Respond with positive or negative.
"""

response = llm.get_completion([ChatMessage(role=ChatMessageRole.USER, content=prompt)])
print(response)

positive


In [6]:
system_prompt = "Take the following movie review and determine the sentiment of the review. Respond with 1 (positive) or 0 (negative)."

prompt = "Wow! This movie was incredible. The acting was superb, and the plot kept me on the edge of my seat. I highly recommend it!"

response = llm.get_completion([
    ChatMessage(role=ChatMessageRole.SYSTEM, content=system_prompt), 
    ChatMessage(role=ChatMessageRole.USER, content=prompt),
])
print(response)

1


In [7]:
system_prompt = "Take the following movie review determine the sentiment of the review. Respond with 1 (positive) or 0 (negative)."

prompt = "Will it rain in Seattle today?"

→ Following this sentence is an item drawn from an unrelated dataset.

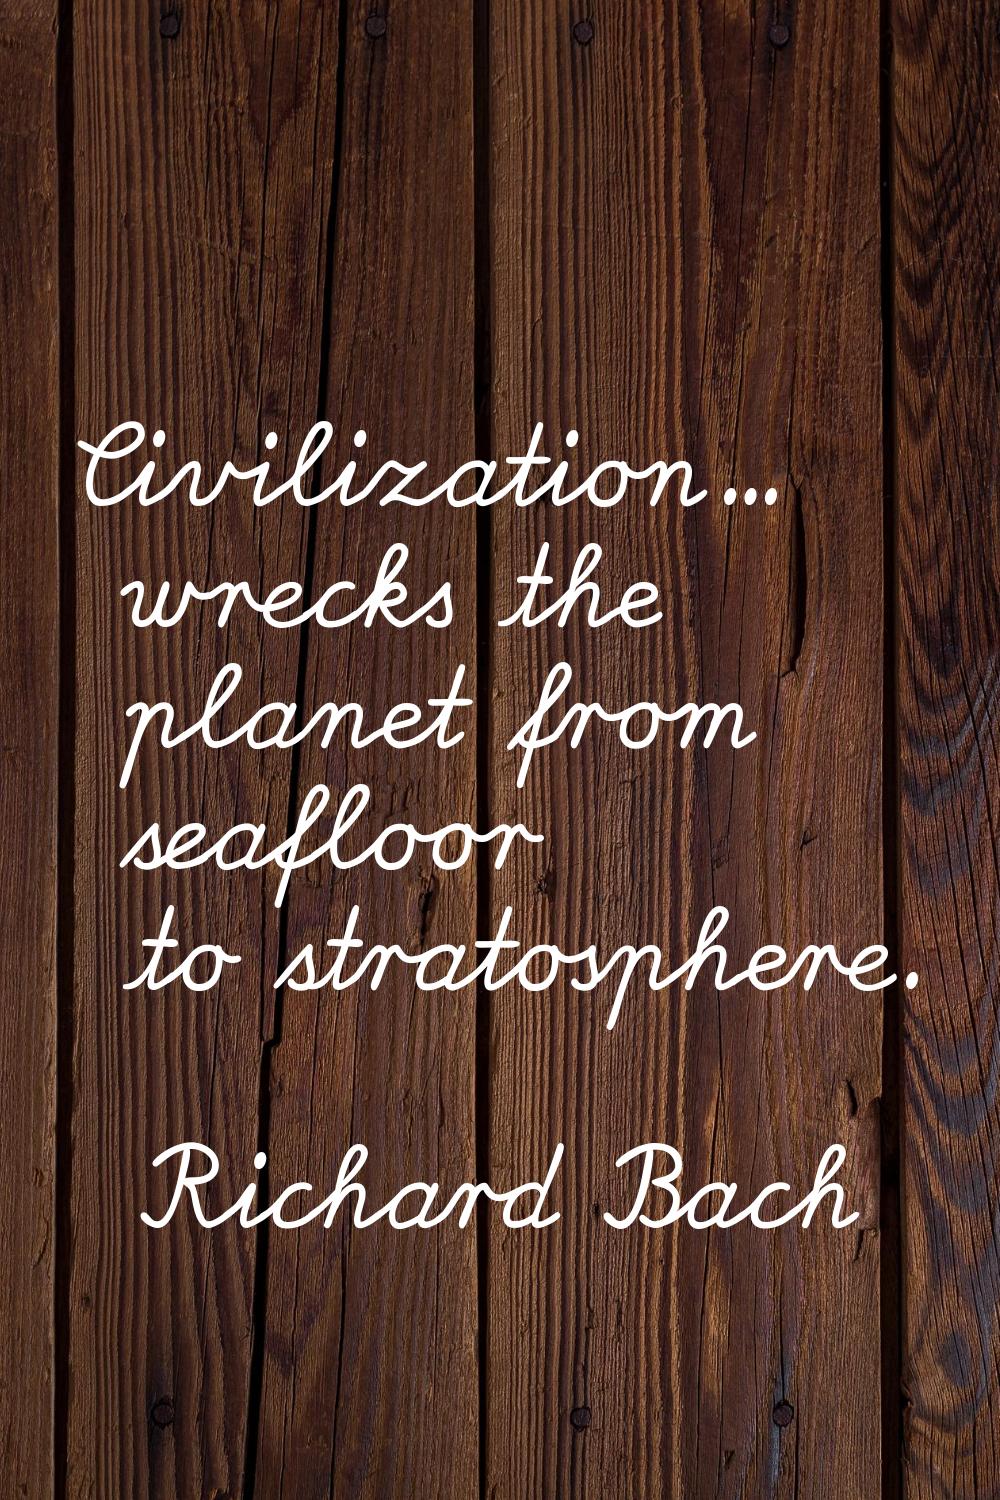 Civilization... wrecks the planet from seafloor to stratosphere.

response = llm.get_completion([
    ChatMessage(role=ChatMessageRole.SYSTEM, content=system_prompt), 
    ChatMessage(role=ChatMessageRole.USER, content=prompt),
])
print(response)

I'm sorry, I am an AI language model and I do not have access to real-time weather information. I recommend checking a reliable weather website or using a weather app to get the most accurate and up-to-date forecast for Seattle.


In [8]:
system_prompt = """Take the following movie review and determine the sentiment of the review. 

Respond with 1 (positive) or 0 (negative).

If you don't receive a movie review, respond with -1.
"""

prompt = "Will it rain in Seattle today?"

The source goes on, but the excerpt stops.